7. Get Life Insurance
Life insurance helps to ensure that your family will be taken care of financially in the event that you pass away. Essentially, you pay a monthly premium and, in exchange, the insurance company agrees to pay a sum of money to your named beneficiaries in the event of your death. This comes in especially handy if you share finances with someone else. Instead of your spouse or partner or children having to scramble to find a way to pay off your remaining debts, you can ensure they will be able to continue their current lifestyle, or even have a little extra to ease the burden of your death.
8. Make a Will
Creating a will according to state law guarantees your assets are handled exactly how you’d like them to be when you pass away. In many states, a will is your only opportunity to let the courts know who you want to act as legal guardian for your children if you pass away.
Having a will ensures your children are raised by someone who understands the importance of good financial habits so when your children come of age and can collect your assets, they know exactly what to do with them to build generational wealth.
9. Learn How Taxes Work
The final piece to consider when trying to grow generational wealth is tax law. While the majority of us know how to pay income taxes, most people don’t know the details of estate taxes until it’s too late.
Essentially, if your children accumulate their own wealth, and then inherit wealth from you on top of that, that could place them in a higher tax bracket. This could mean that much of the wealth you leave them will be lost to taxes. There are many solutions to this, including the solution mentioned above of putting assets in a trust, but it’s best to work with a financial advisor, so that you can hear all the options and decide what is best for you and your family.

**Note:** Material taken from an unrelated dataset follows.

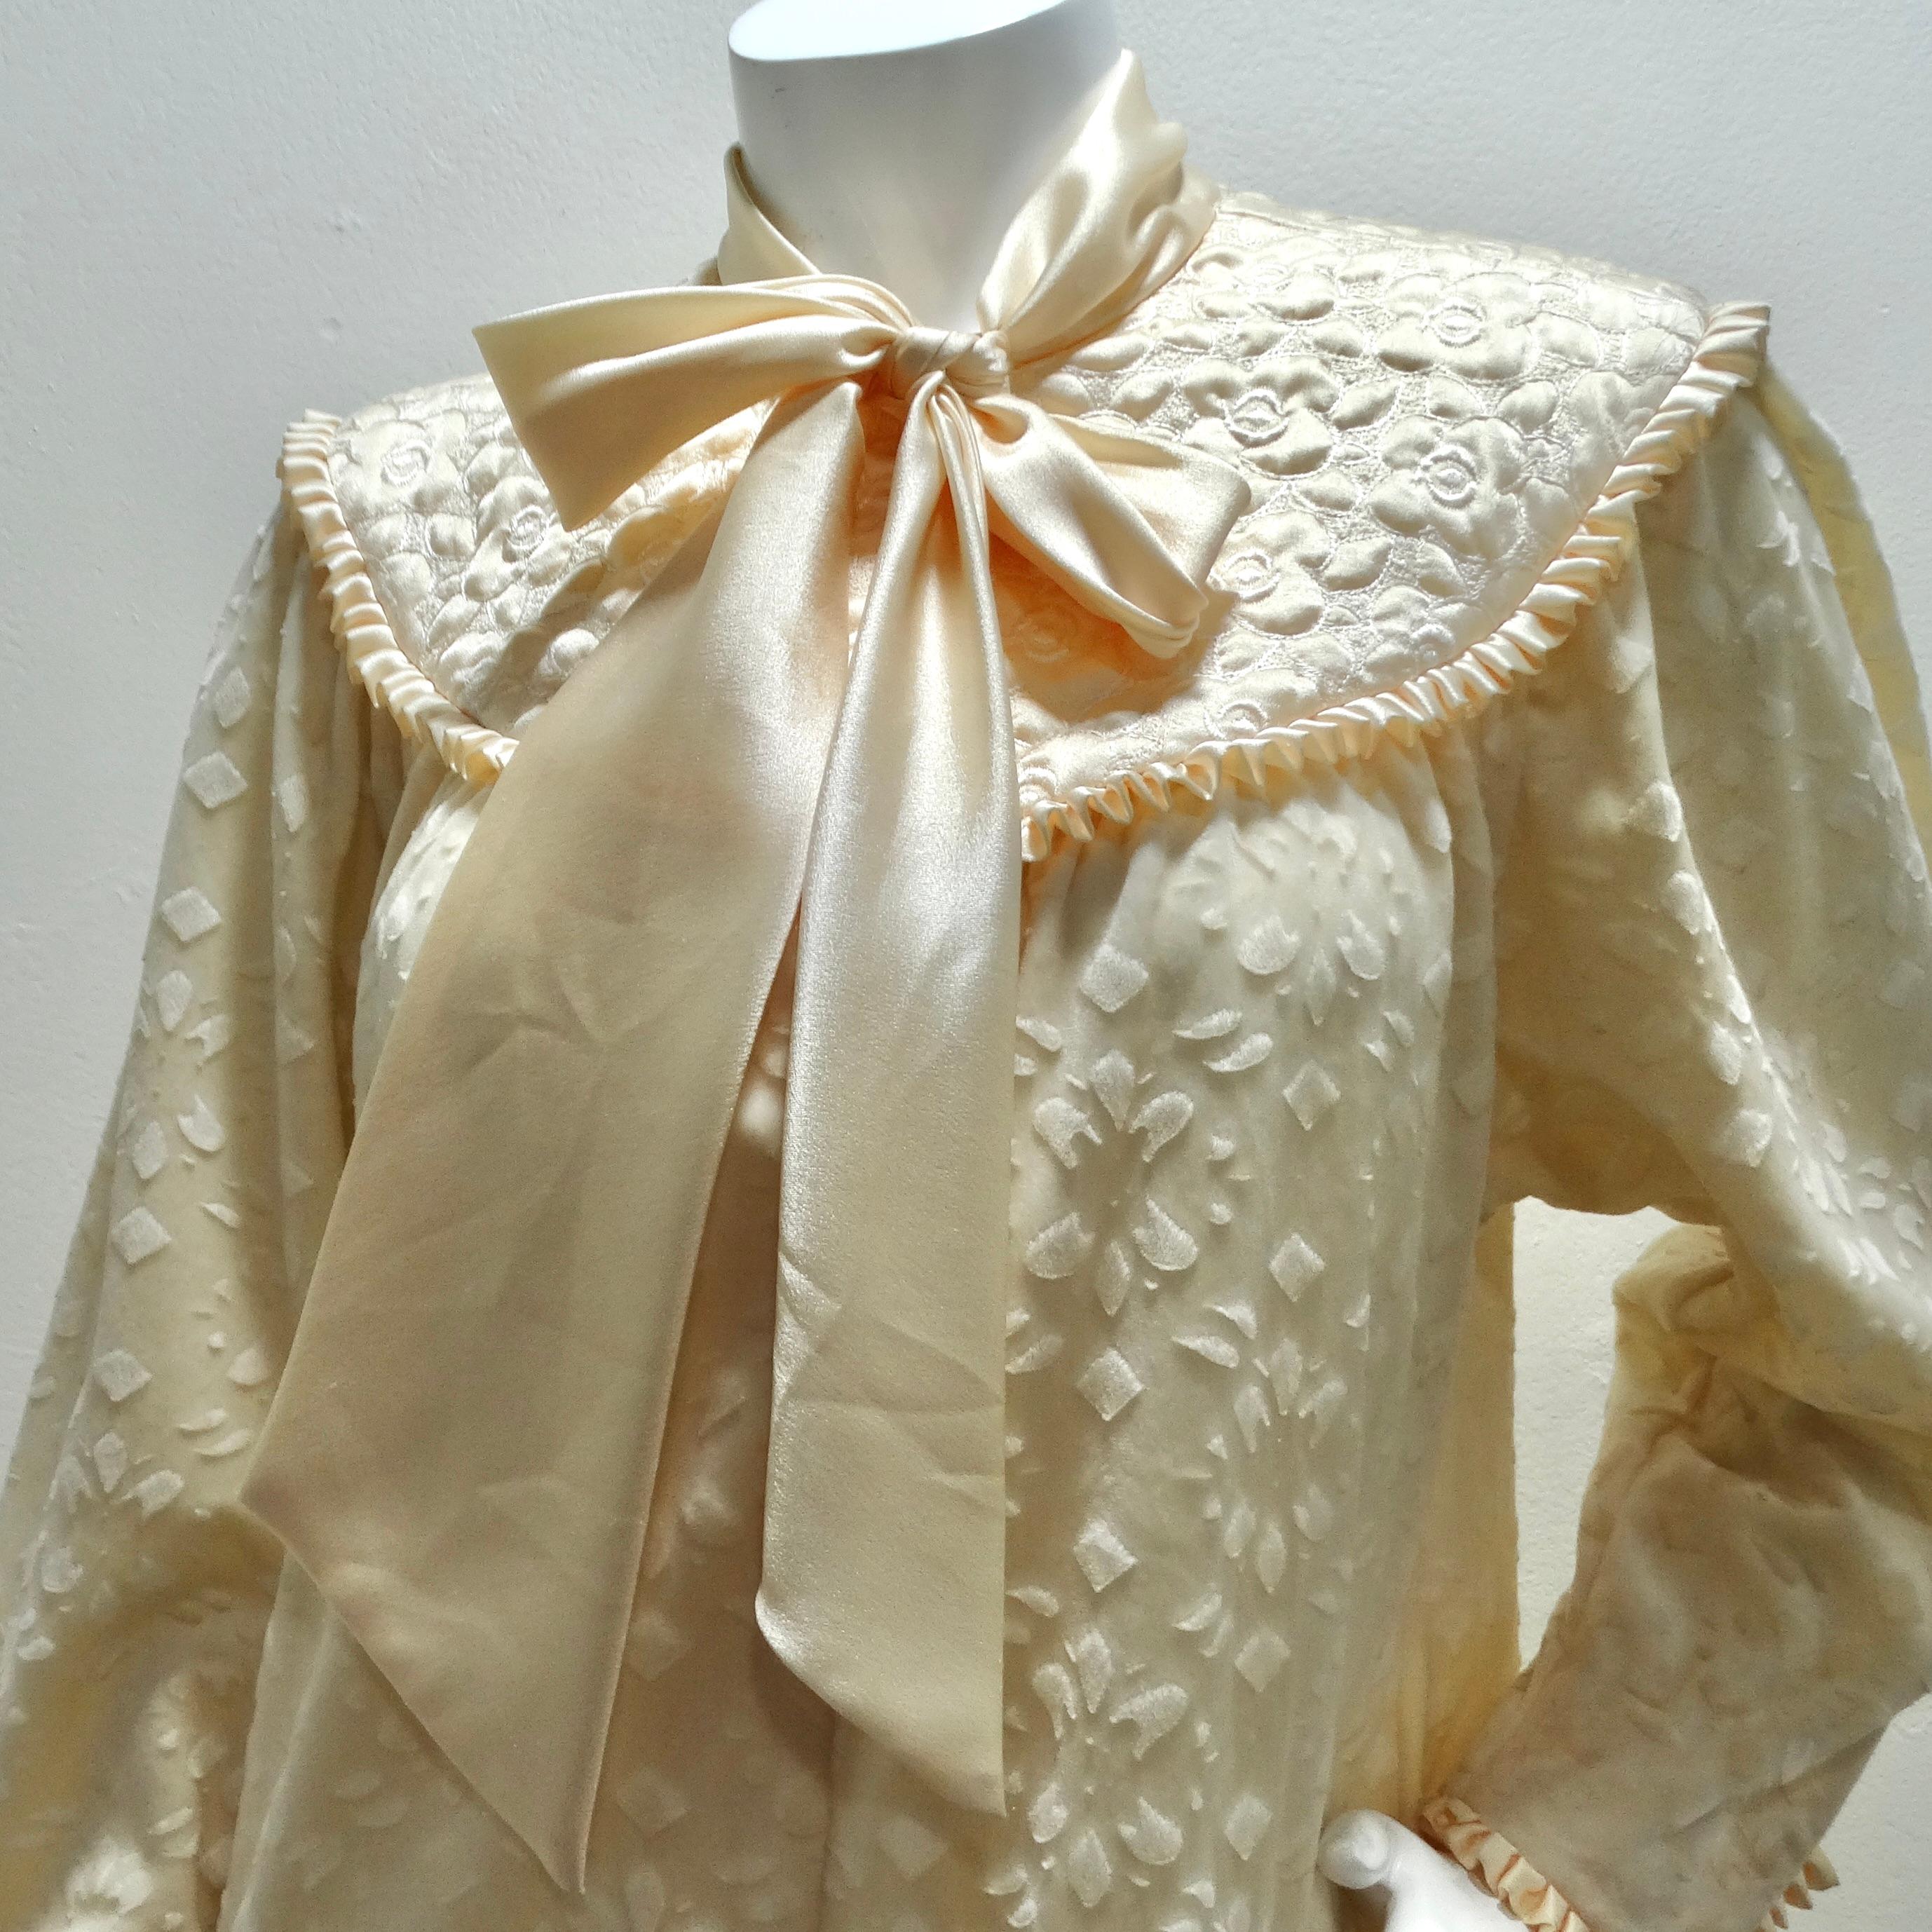 La robe longue en velours ivoire Christian Dior des années 1960 semble être une pièce exquise et intemporelle, parfaite pour ajouter une touche de luxe et d'élégance à n'importe quelle garde-robe.

La teinte ivoire blanc cassé de la robe dégage un

I hope that at the end of this article, you come away with some ideas for how you can build generational wealth for you and your family. To sum up, keep an open mind about how you can help your posterity build wealth and do all you can now to build your own wealth. Building generational wealth can be intimidating, especially if you are the first in your family to try it, and it does take time, but the reward of knowing that your family’s future is secure is priceless.